Measurement of Malondialdehyde in Plasma and Liver Malondialdehyde (MDA) was measured as thiobarbituric acid-reacting substances (TBARS), as described by Ramaekers et al. (1997). Briefly, 100 μL of plasma were shaken with 100 μL 20% trichloroacetic acid (TCA) in a centrifuge tube and one mL of a solution containing 29 mmol/L thiobarbituric acid in 8.75 mol/L acetic acid was added to the mixture. Samples were heated at 95◦ C for 40 min in a water bath. After cooling, the mixture was centrifuged (2,000 × g for 10 min at 20◦ C) and absorbance of the supernatant was recorded at a wavelength of 535 nm in a spectrophotometer (Spectramax M5, Molecular Devices, Sunnyvale, CA). The total MDA content was determined based on the MDA standards. Liver samples were homogenized in 9 volumes of 0.9% NaCl. After centrifuging at 4,000 × g for 10 min at 4◦ C, the supernatant was taken for subsequent MDA analysis as described above. The results were expressed as nm TBARS/mL for plasma or as nm/mg protein for liver samples.

Enzyme Activity and Glutathione Determination Glutathione peroxidase (GSH-PX) activity for plasma and liver was assayed by the method of Paglia and Valentine (1967). The activities of total superoxide dismutase (T-SOD) and Cu/Zn-SOD in plasma and liver were measured using commercial kits (Jiancheng

Engineering Institute, Nanjing, China). All SOD activity was expressed as unit/mL in plasma. The plasma reduced (GSH) and oxidized glutathione (GSSG) also were assayed using a commercial kit (Jiancheng Engineering Institute, Nanjing, Chin); plasma concentrations of GSSG and GSH were expressed as μmol/L and mg/L, respectively.

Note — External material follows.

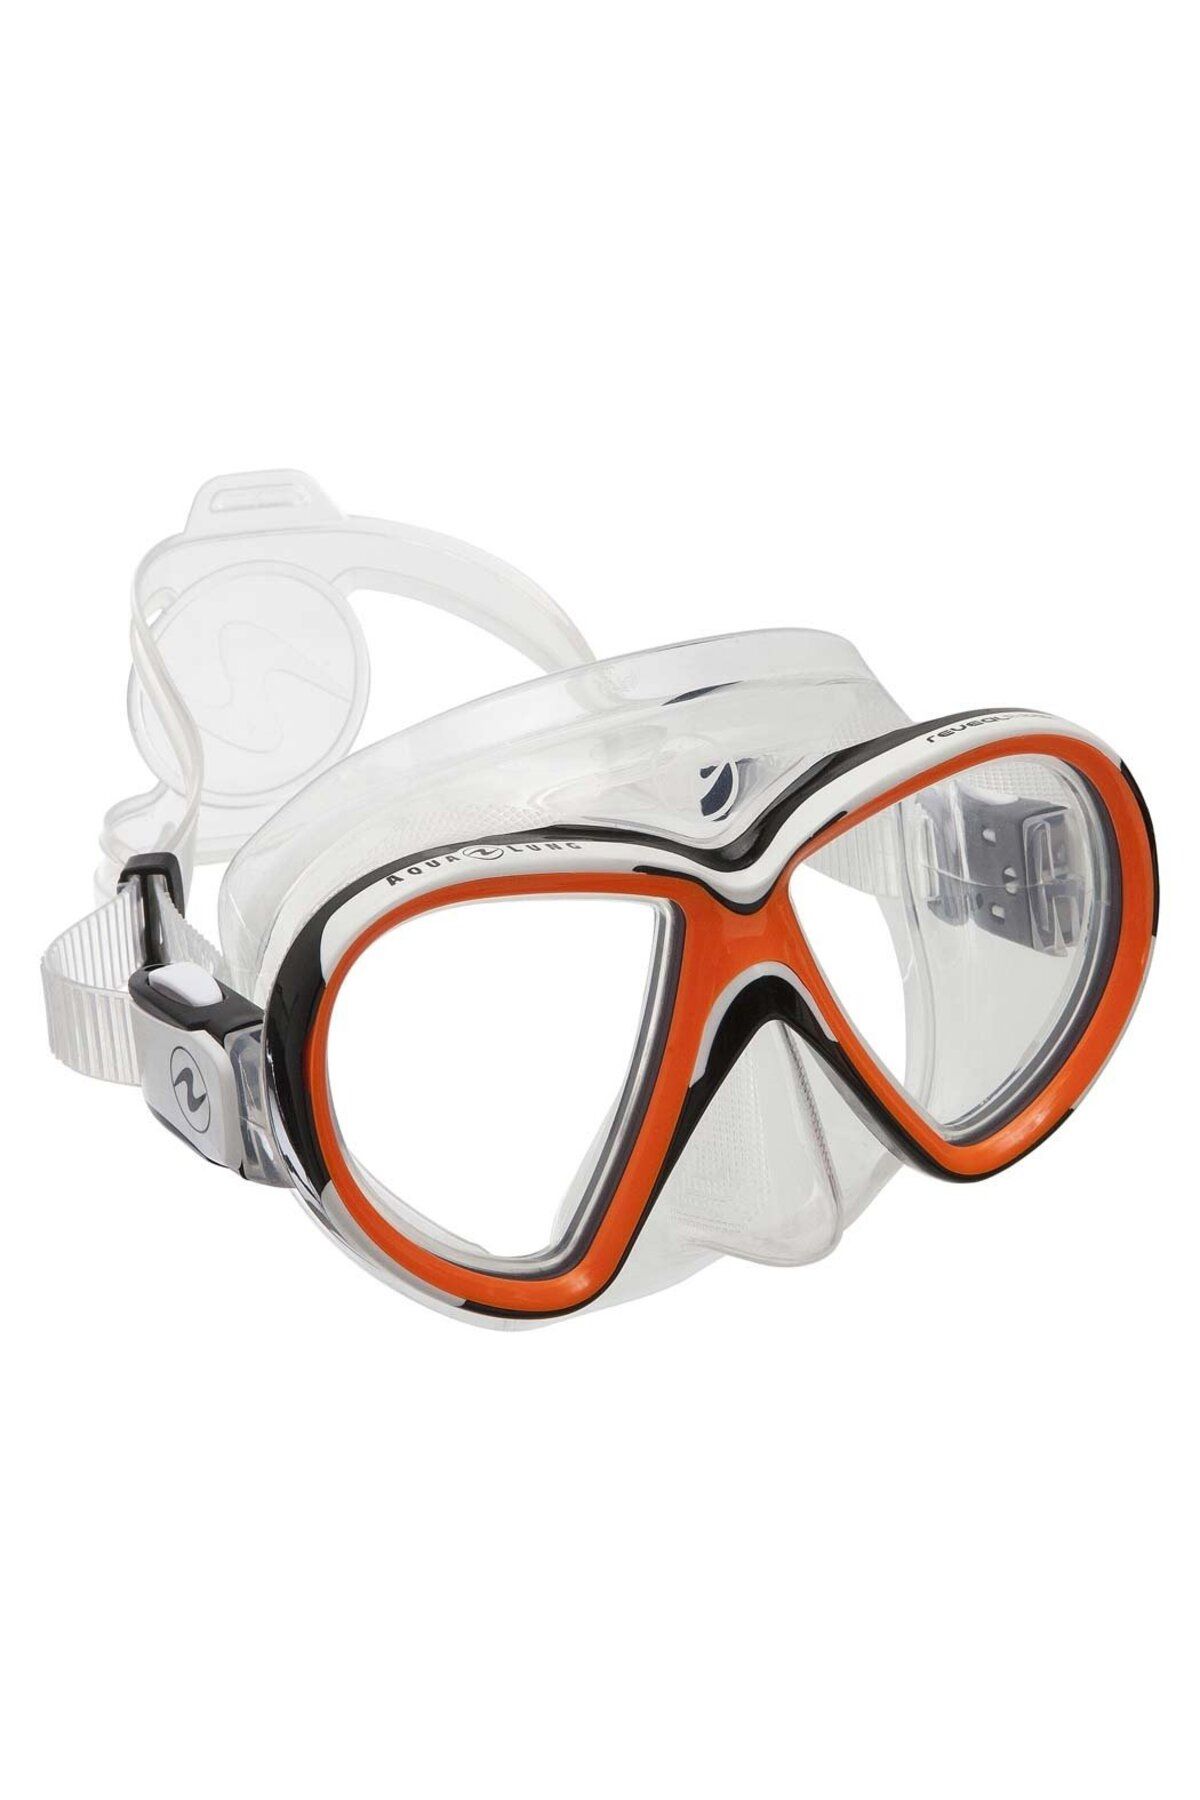 Aqua Lung Reveal X2 Clear/orange Dalış Maskesi

Assay of Plasma Concentrations of Zn and Cu Ions The plasma for the analysis of Zn and Cu was deproteinized with trichloroacetic acid and analyzed by inductively coupled plasma optical emission spectroscopy using a PerkinElmer Optima 2100 DV instrument (Perkin Elmer, Wellesley, MA) (Standard Methods, 2005; Silva et al., 2009).

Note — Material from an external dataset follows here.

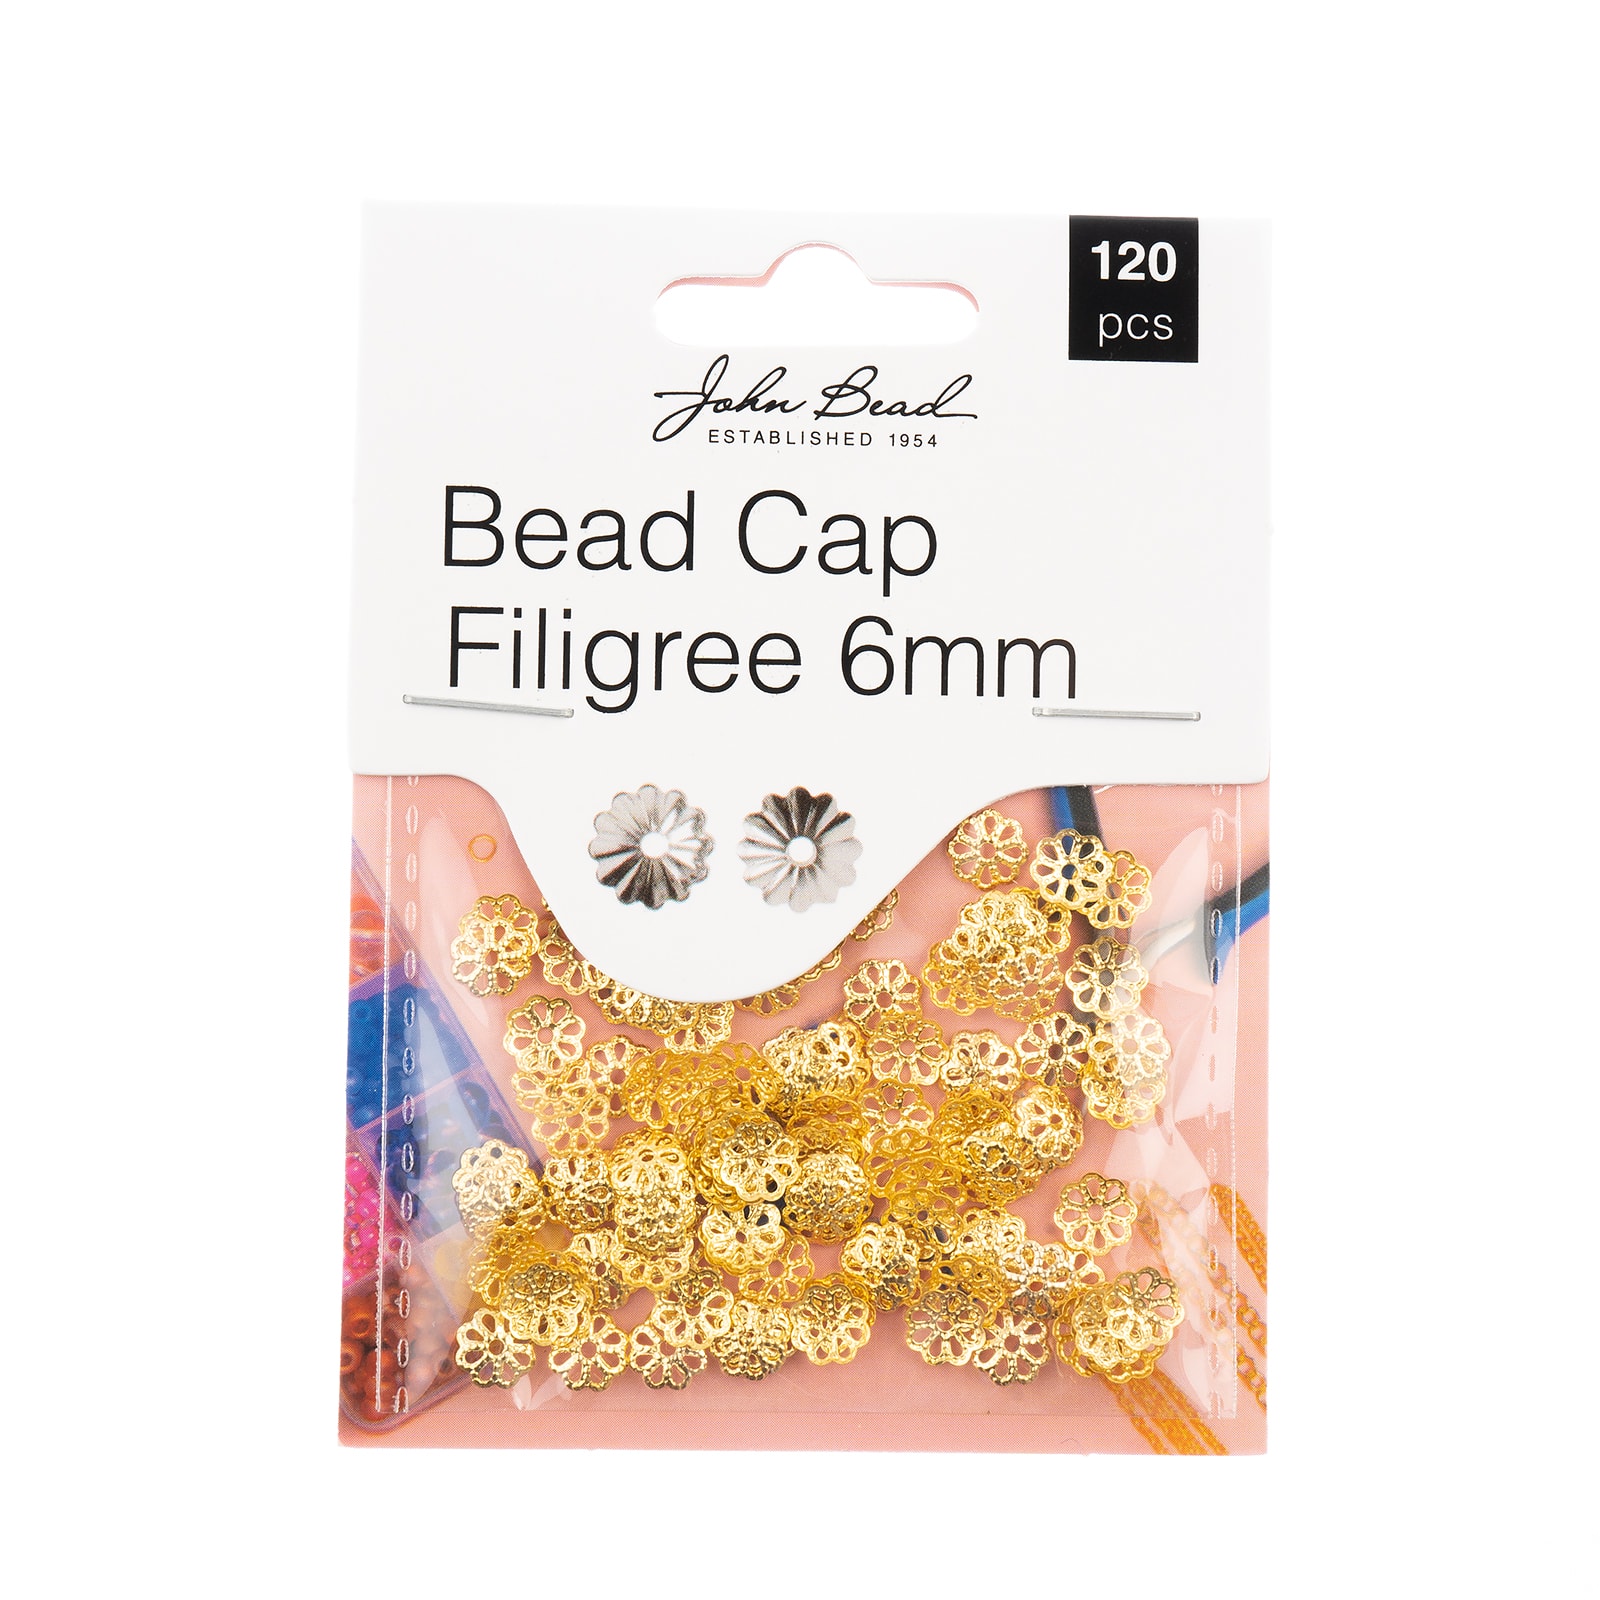 John Bead Must Have Findings 6mm Bead Cap Filigrees

Egg Quality Determination Egg shape was measured as length/width in the egg. Eggs were stored at 4◦ C overnight and then broken onto a level surface. Haugh units and yolk color were measured with an egg analyzer (model EA-01, ORKA Food Technology Ltd., Ramat Hasharon, Israel), after which yolk was separated and weighed. Shells were washed under running water, dried, and weighed. Albumen weight was calculated by subtraction. Shell thickness of the eggs with removed membrane was measured as the mean of 3 locations (air cell, equator, and sharp end) with a digital micrometer (model IT-014UT, Mitutoyo, Kawasaki, Japan). Shell breaking strength of un-cracked eggs was measured using an Egg Force Reader (ORKA Food Technology Ltd., Ramat Hasharon, Israel).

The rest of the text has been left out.